Work request
Without the pictures, repeat all of the data exactly as it appears below.
START Supplied material
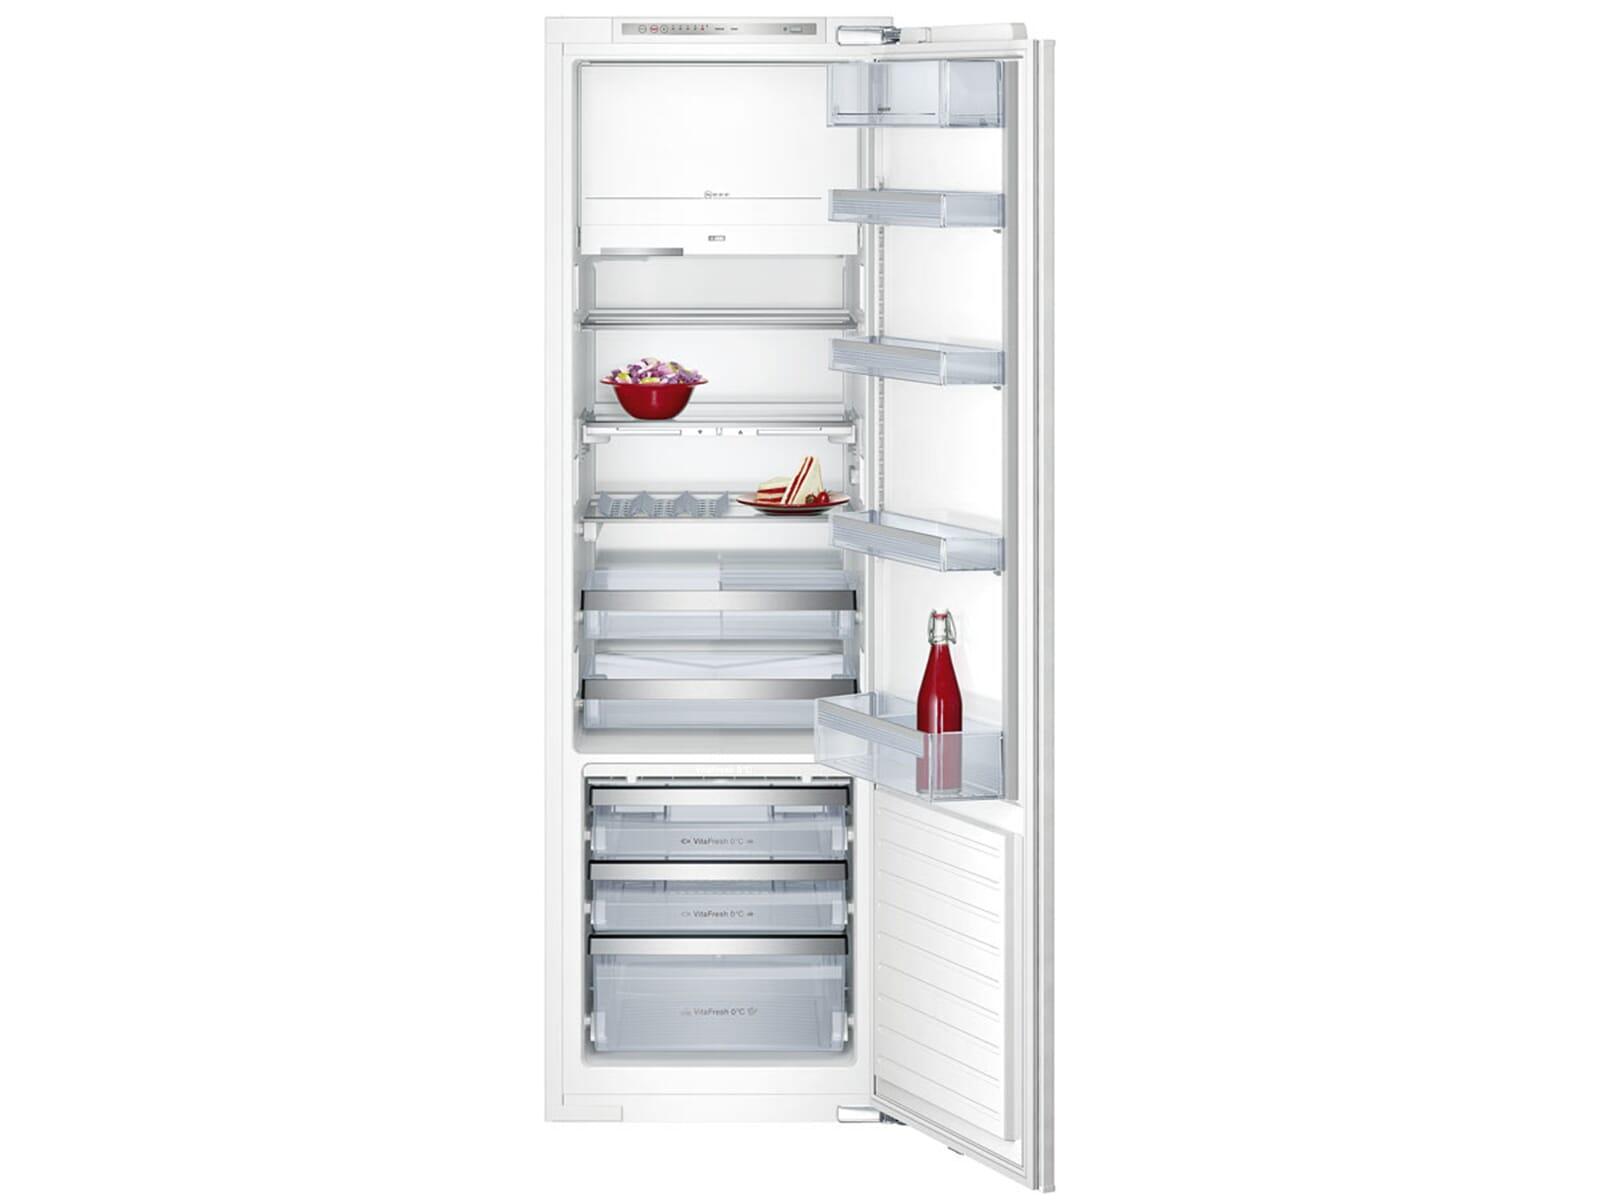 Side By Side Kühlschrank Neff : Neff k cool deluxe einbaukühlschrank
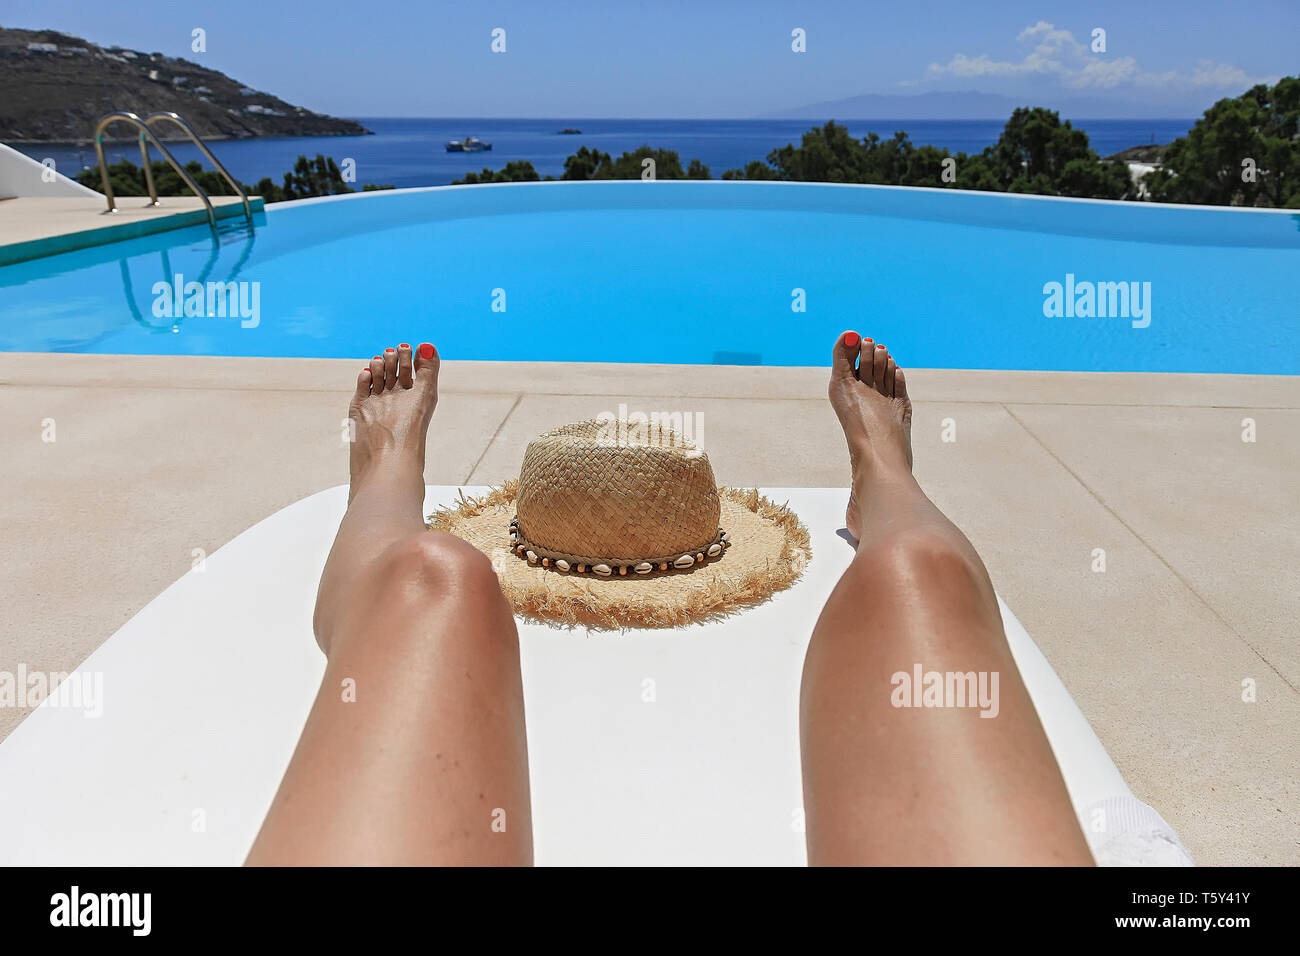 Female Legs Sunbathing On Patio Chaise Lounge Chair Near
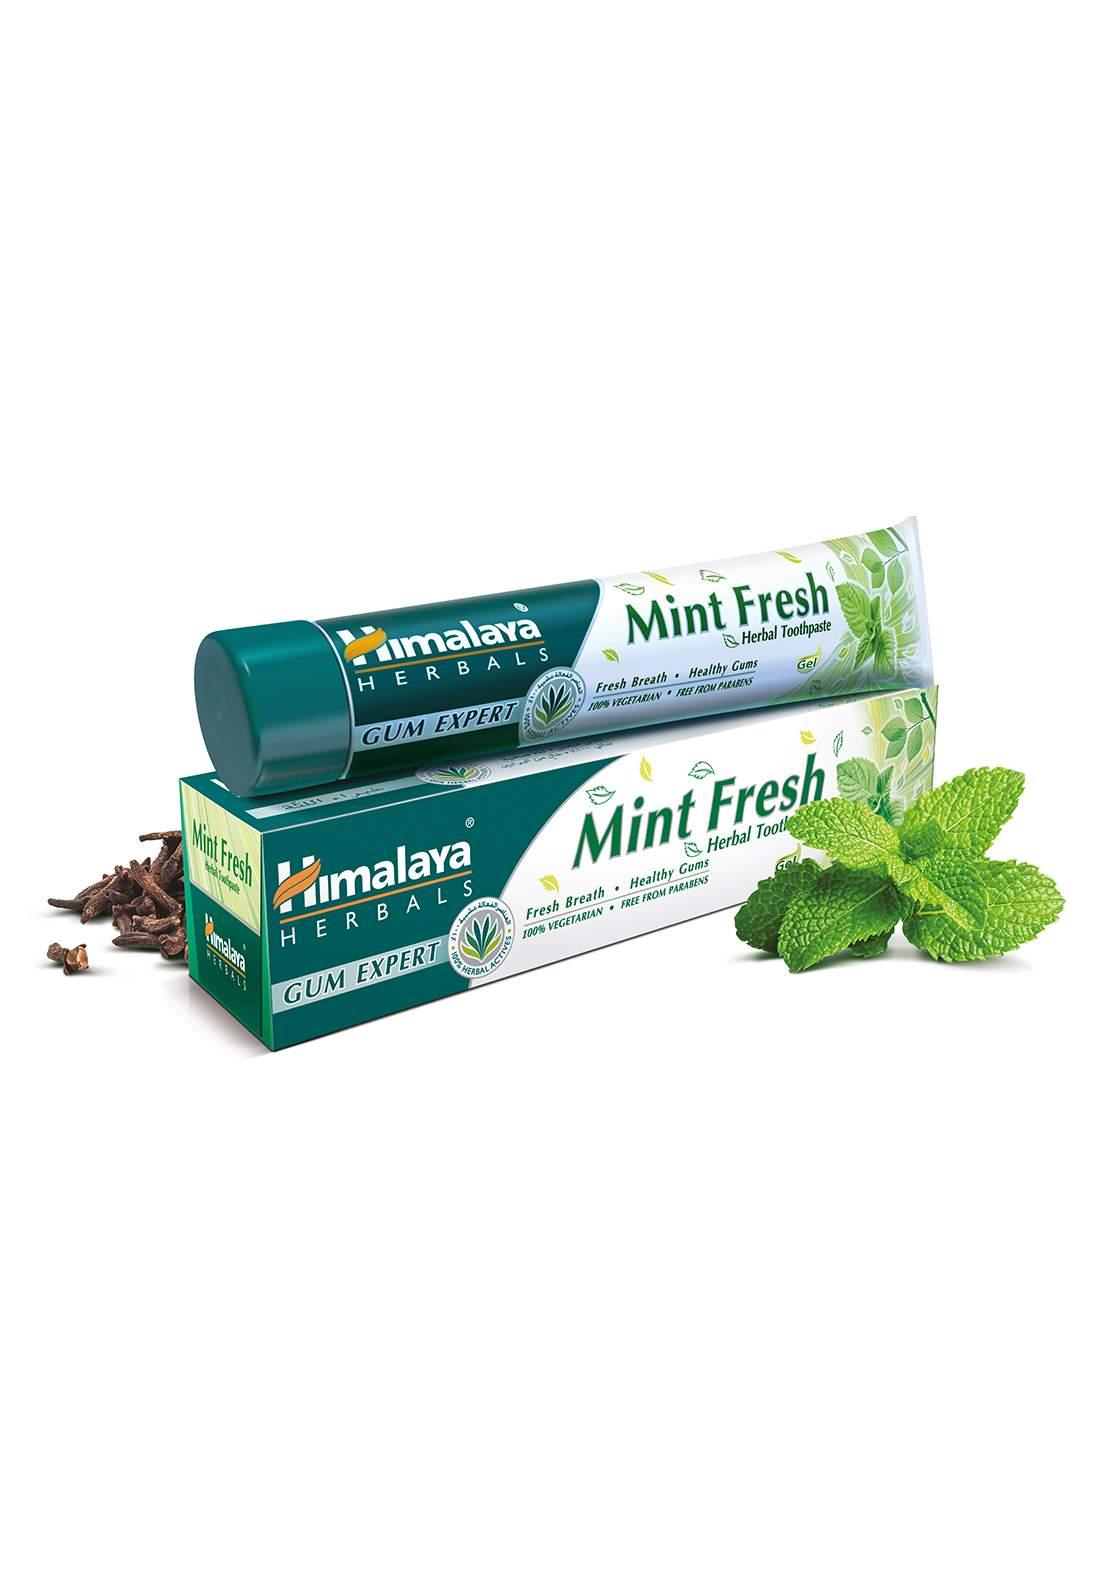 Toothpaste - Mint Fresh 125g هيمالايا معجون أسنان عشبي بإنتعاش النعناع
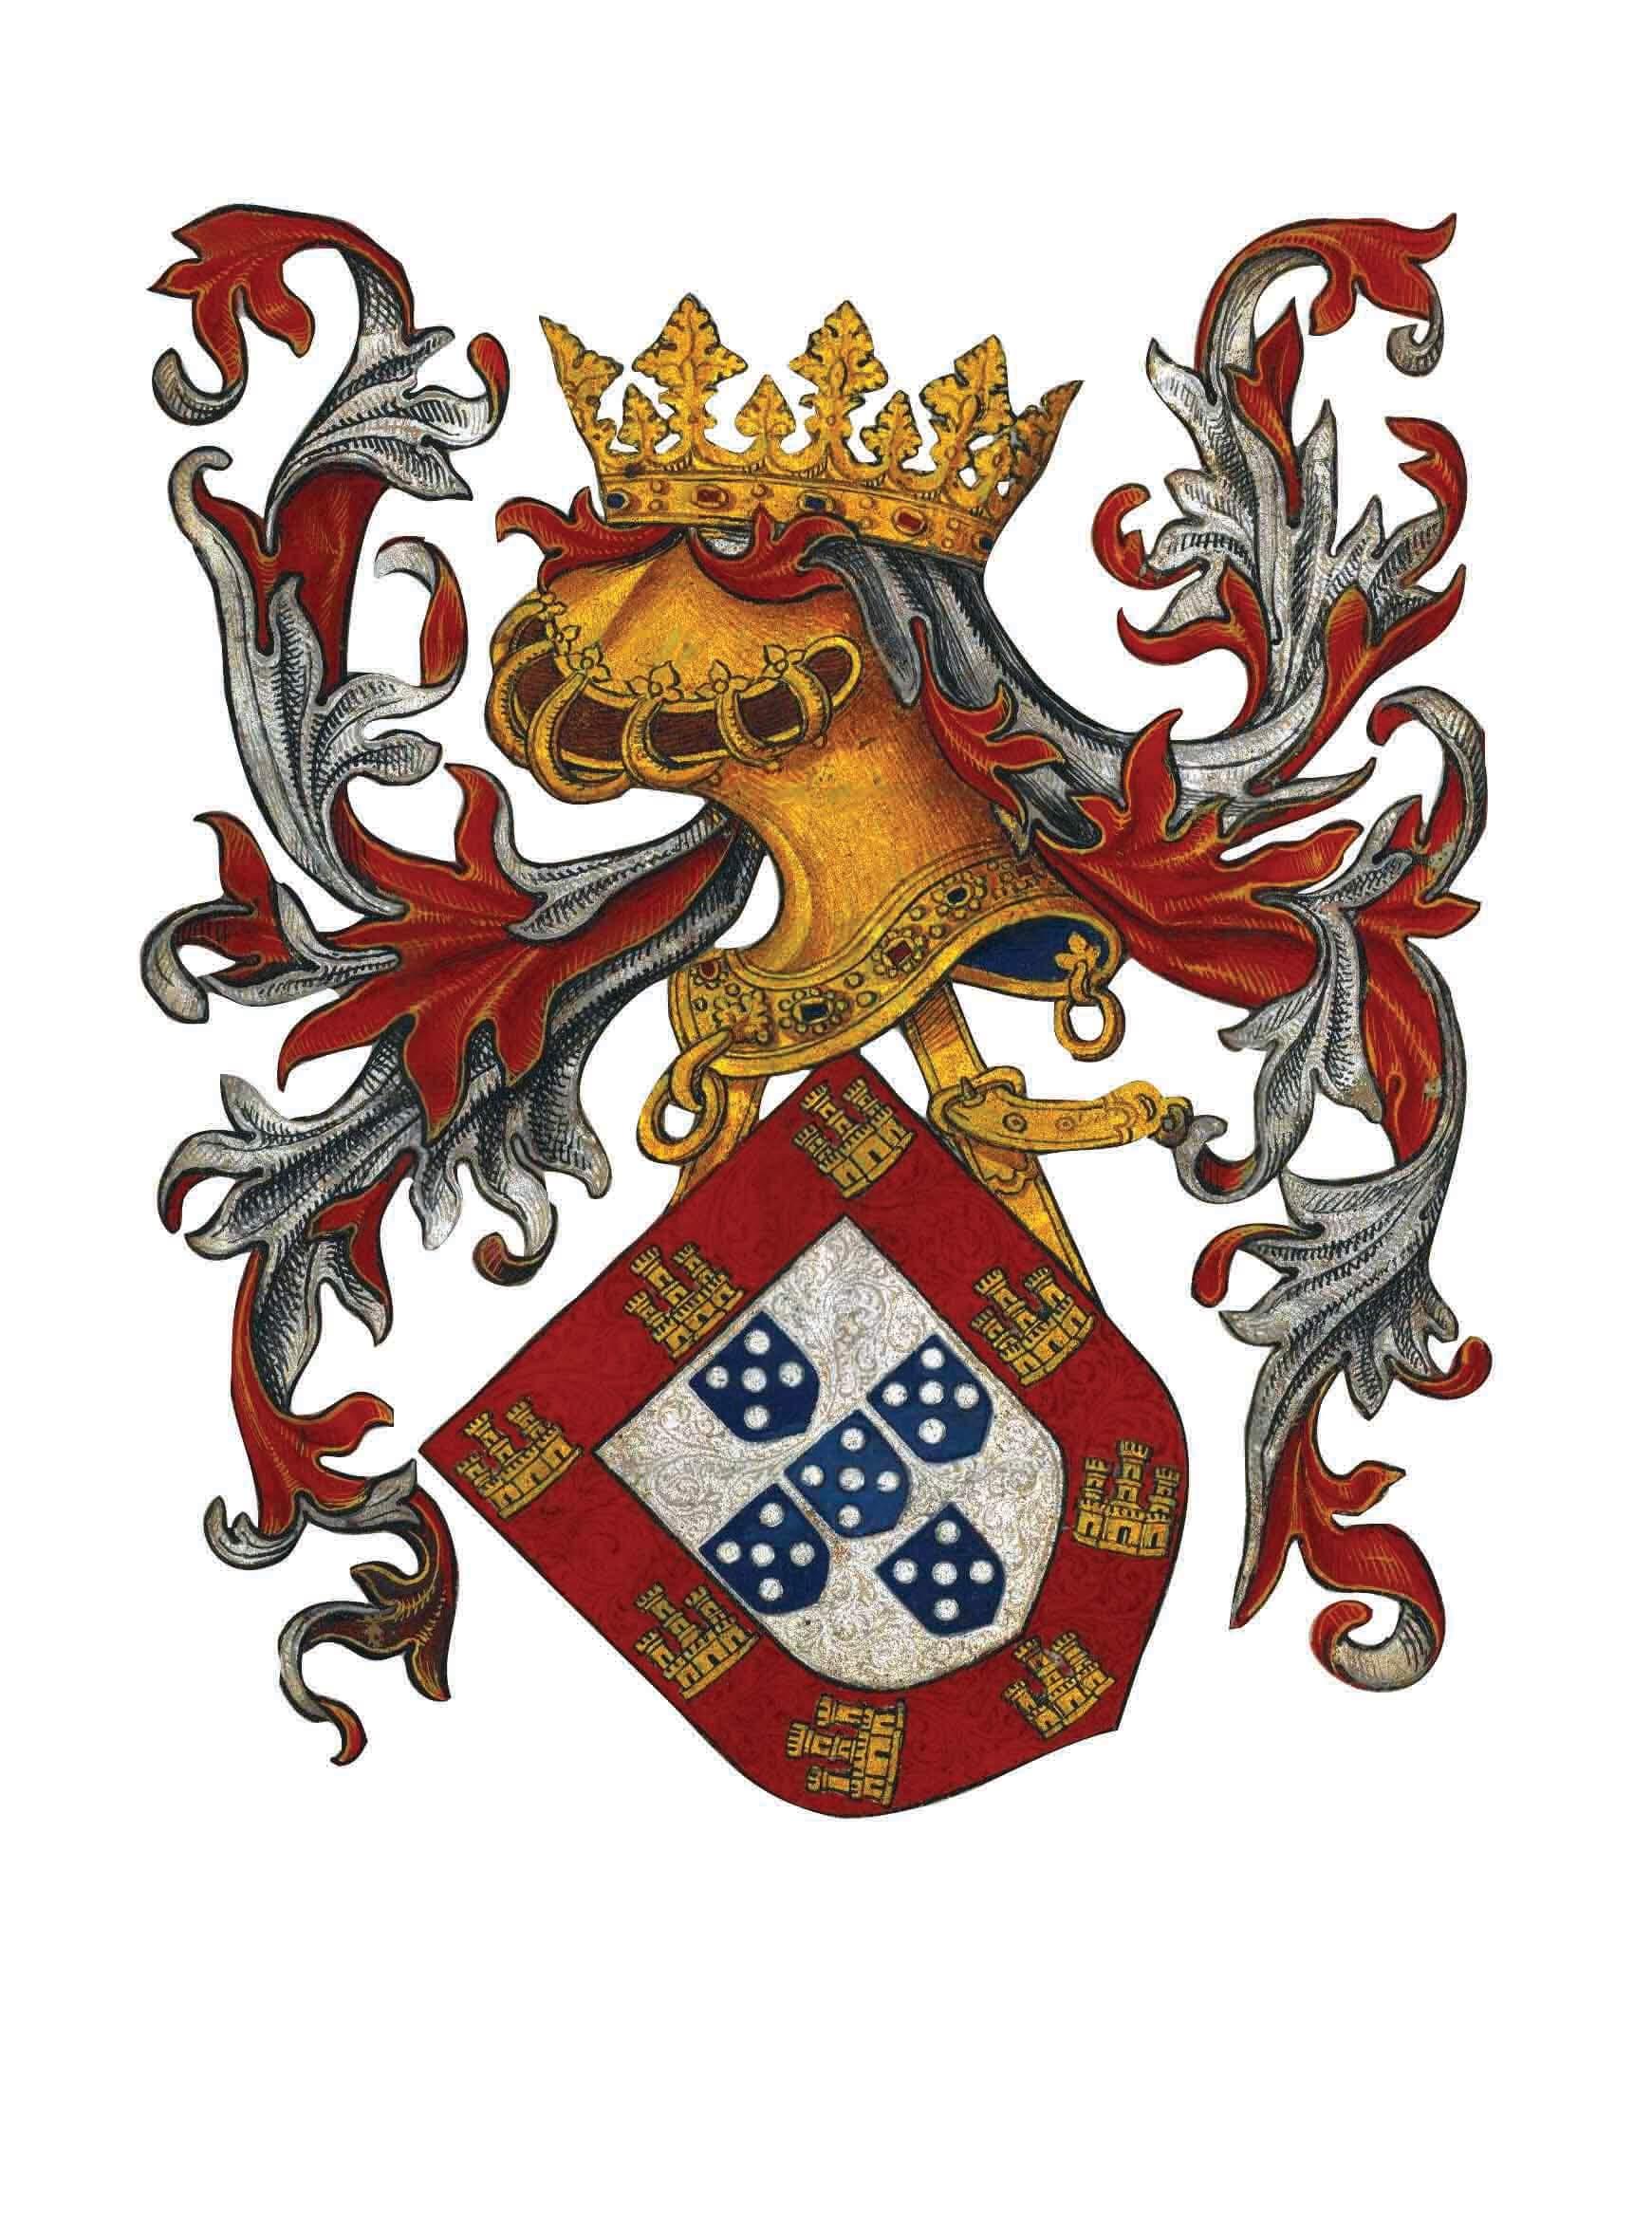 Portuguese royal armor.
END Supplied material
Exercise result
 Side By Side Kühlschrank Neff : Neff k cool deluxe einbaukühlschrank
 Female Legs Sunbathing On Patio Chaise Lounge Chair Near
 Toothpaste - Mint Fresh 125g هيمالايا معجون أسنان عشبي بإنتعاش النعناع
 Portuguese royal armor.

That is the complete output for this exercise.